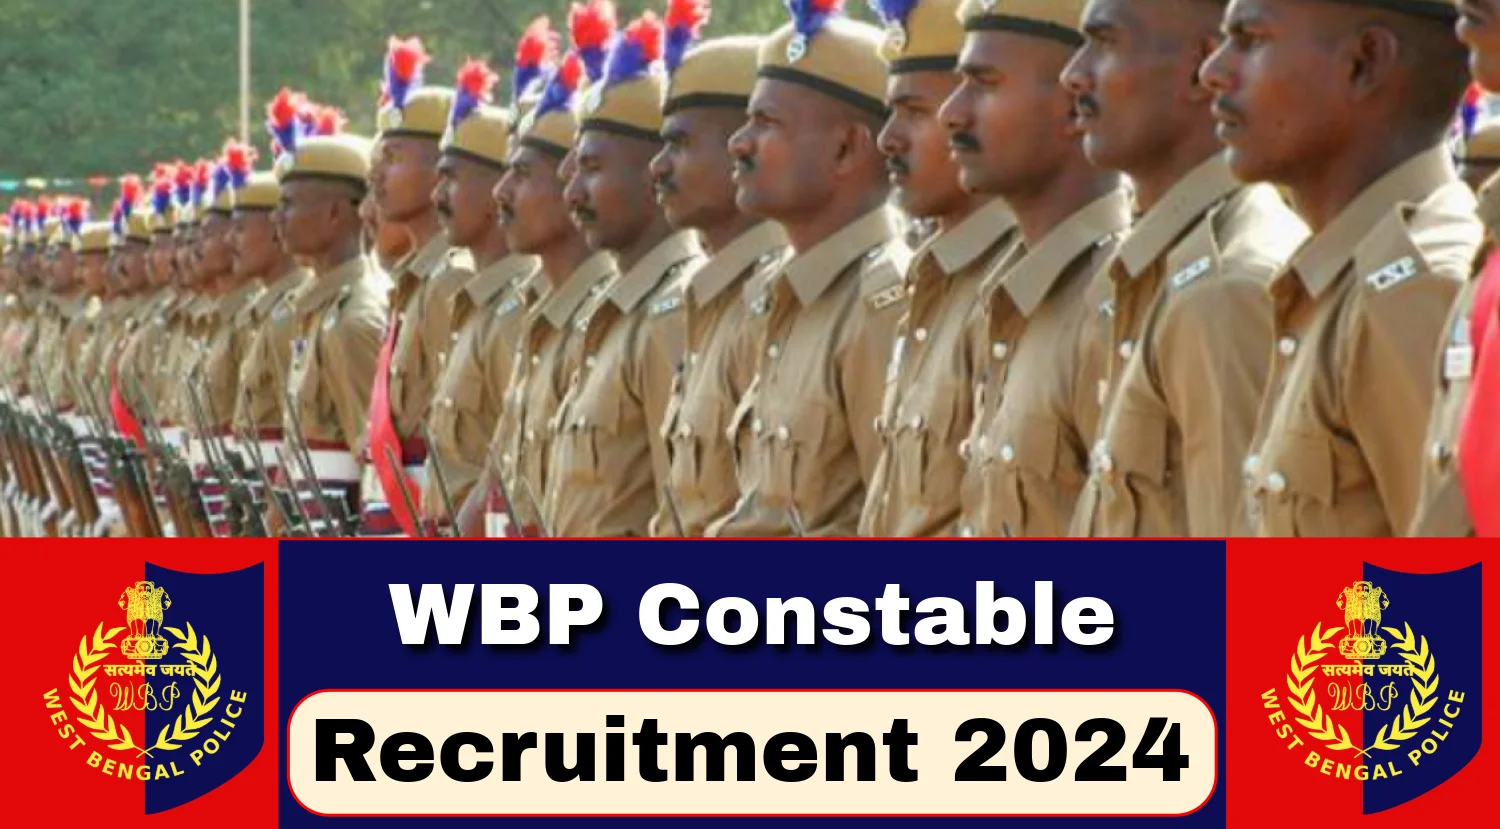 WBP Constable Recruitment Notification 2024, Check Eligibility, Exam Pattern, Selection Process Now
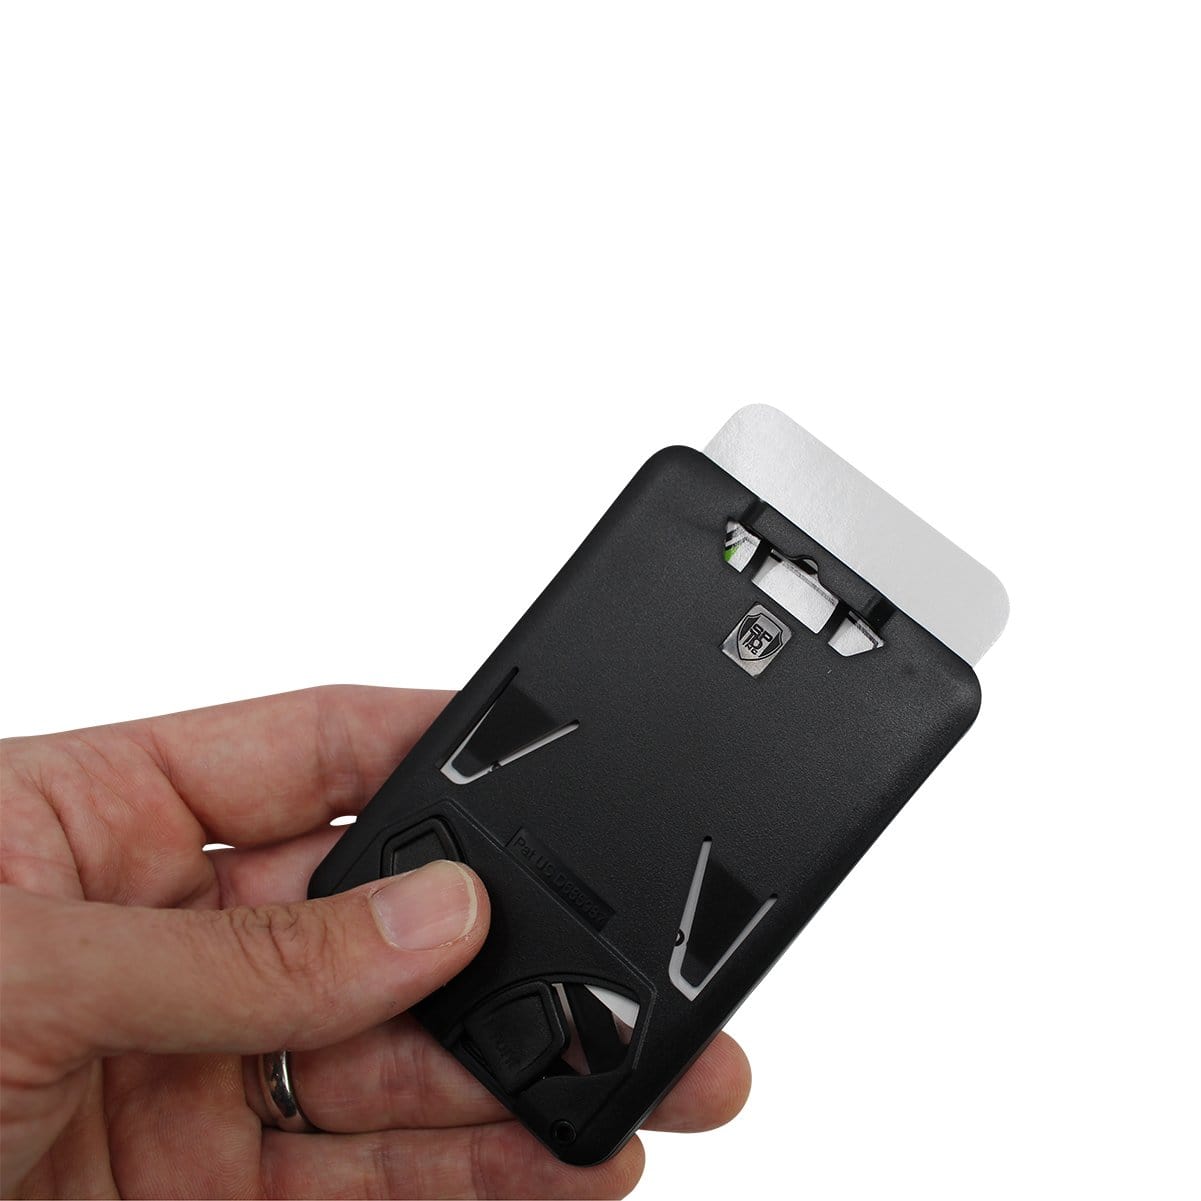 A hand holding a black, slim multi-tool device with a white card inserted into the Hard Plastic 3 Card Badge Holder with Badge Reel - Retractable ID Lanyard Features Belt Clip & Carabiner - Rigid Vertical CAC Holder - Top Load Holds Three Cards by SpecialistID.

* * * * * * *

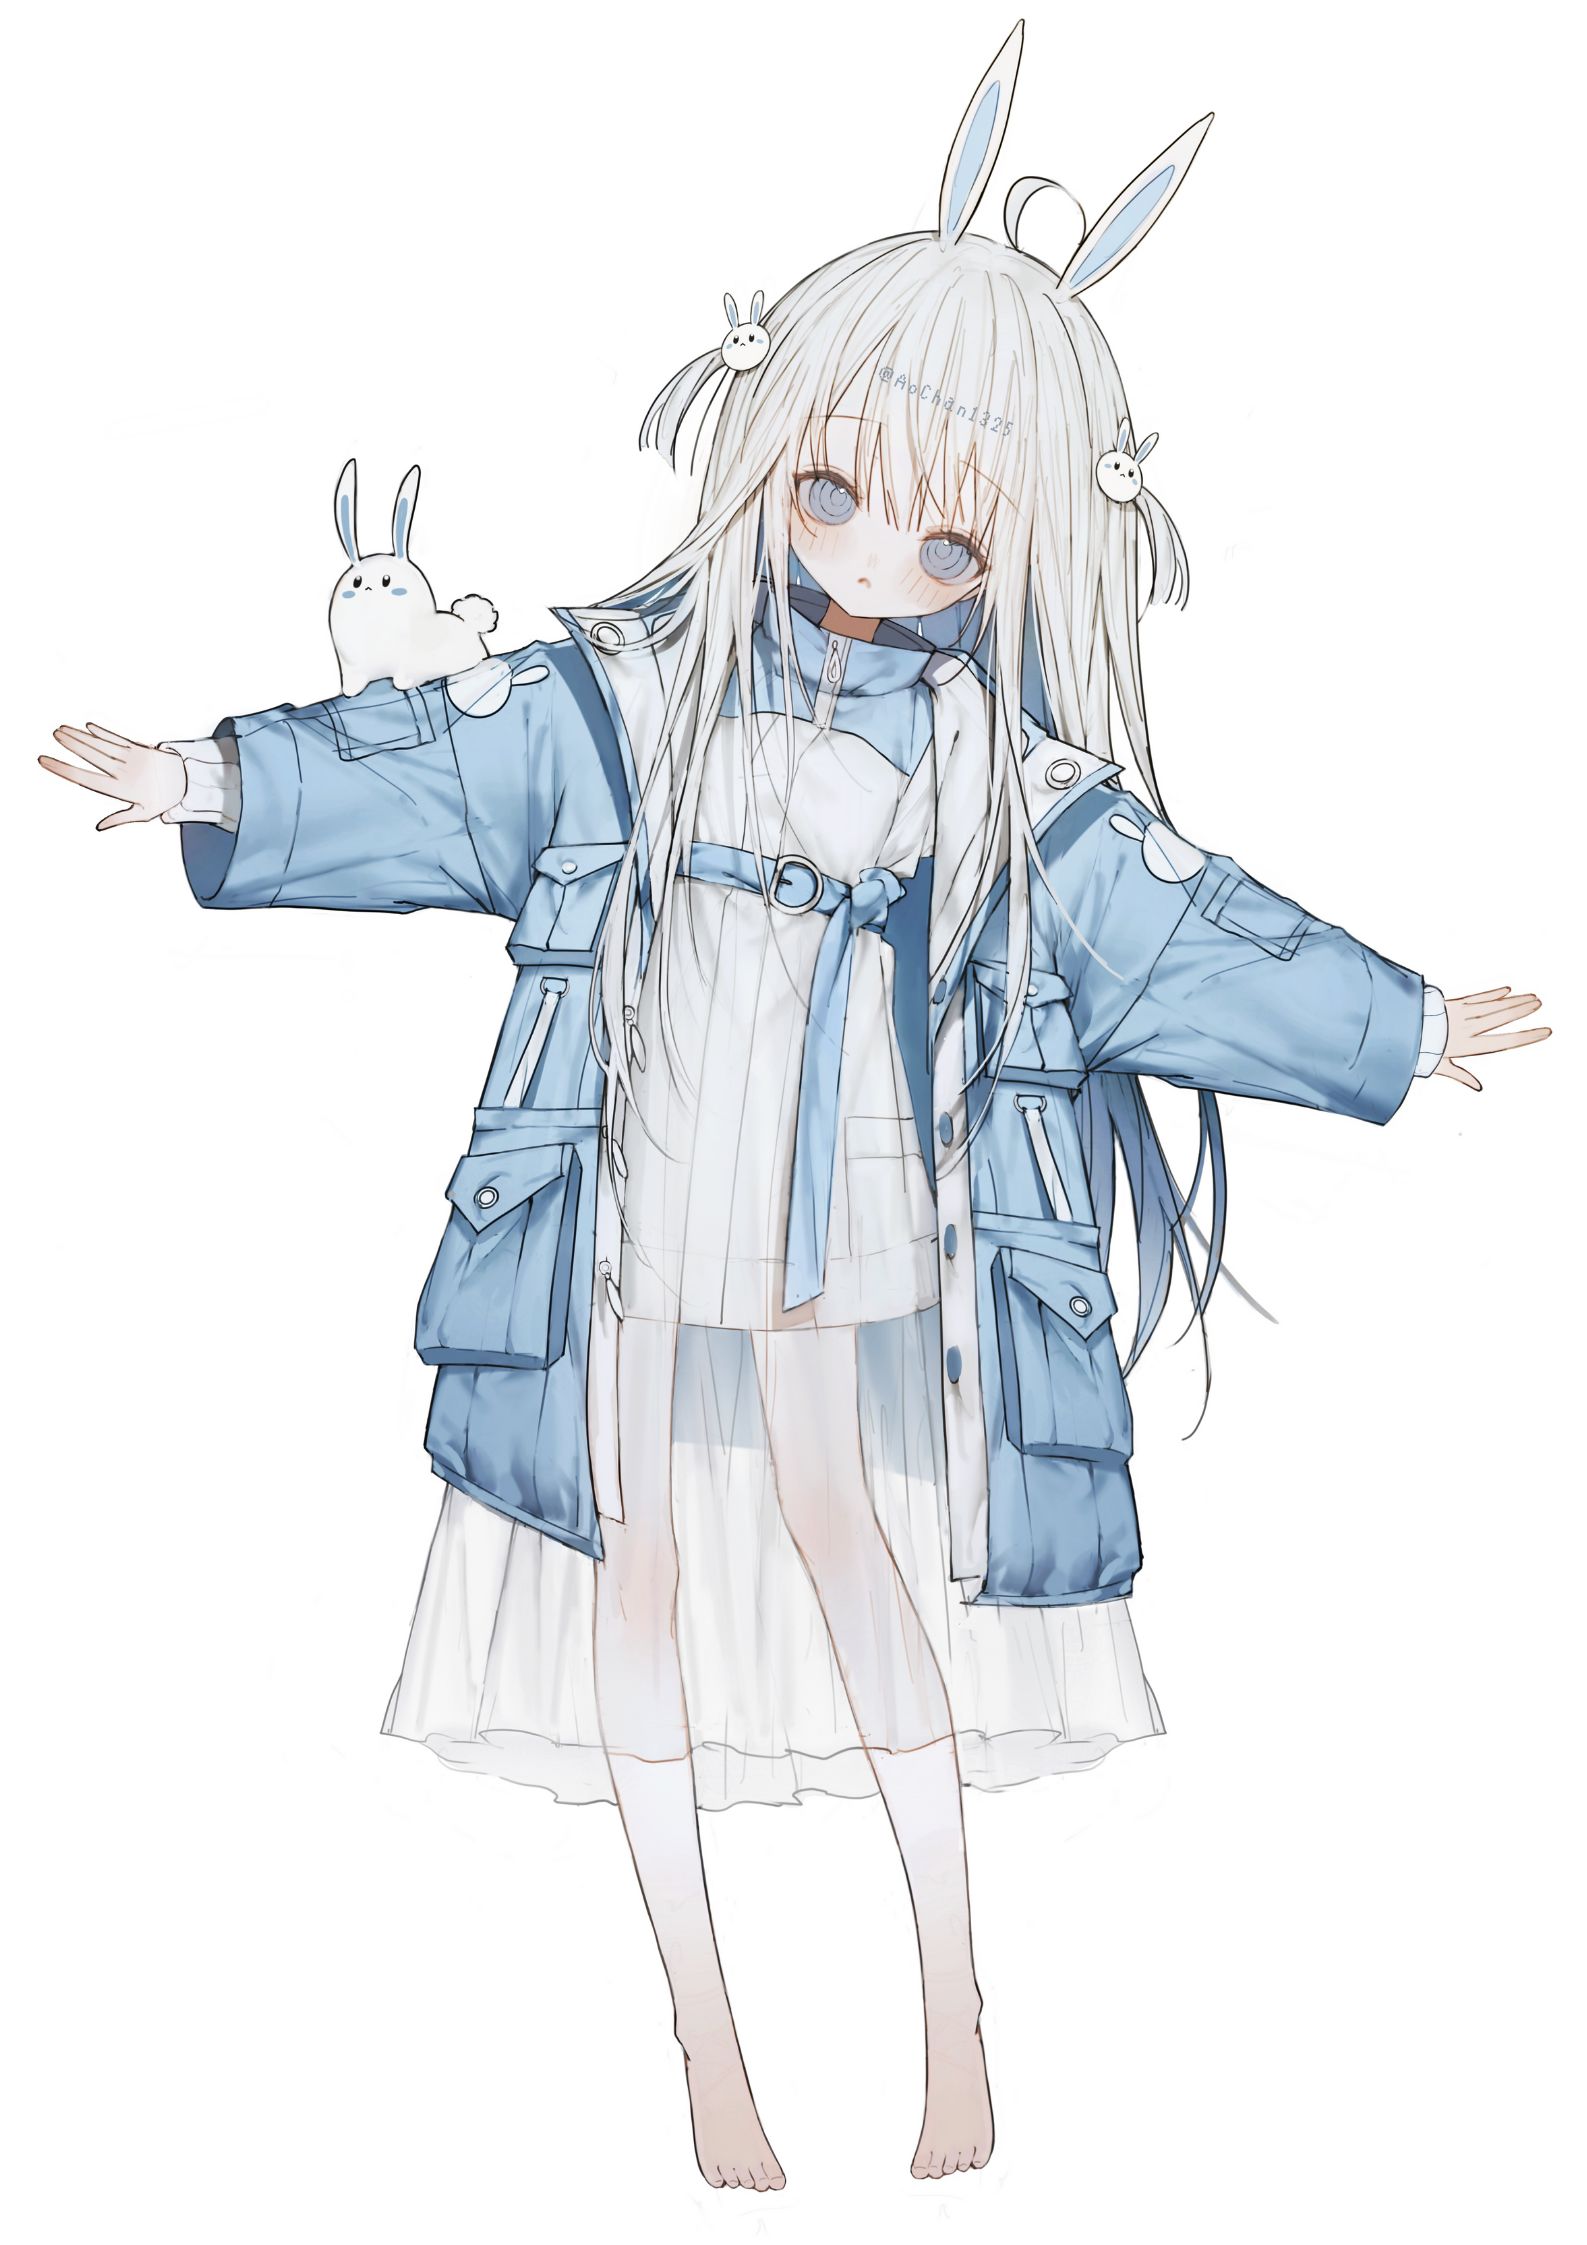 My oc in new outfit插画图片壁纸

* * * * * * *

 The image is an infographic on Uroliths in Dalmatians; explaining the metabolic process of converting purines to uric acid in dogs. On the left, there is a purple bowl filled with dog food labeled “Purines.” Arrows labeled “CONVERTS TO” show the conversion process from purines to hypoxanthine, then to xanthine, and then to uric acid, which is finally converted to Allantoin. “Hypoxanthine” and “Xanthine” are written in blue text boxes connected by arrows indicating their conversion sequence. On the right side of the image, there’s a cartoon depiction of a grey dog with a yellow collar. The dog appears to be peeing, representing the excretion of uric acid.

* * * * * * *

### YOUR ASSIGNMENT
Look above for the line with "WBP Constable Recruitment", then print it and each line after it down to and including the line with "A hand holding". Leave out the pictures and keep the wording exact.

### SOLUTION FOR THIS TASK
 WBP Constable Recruitment Notification 2024, Check Eligibility, Exam Pattern, Selection Process Now
 A hand holding a black, slim multi-tool device with a white card inserted into the Hard Plastic 3 Card Badge Holder with Badge Reel - Retractable ID Lanyard Features Belt Clip & Carabiner - Rigid Vertical CAC Holder - Top Load Holds Three Cards by SpecialistID.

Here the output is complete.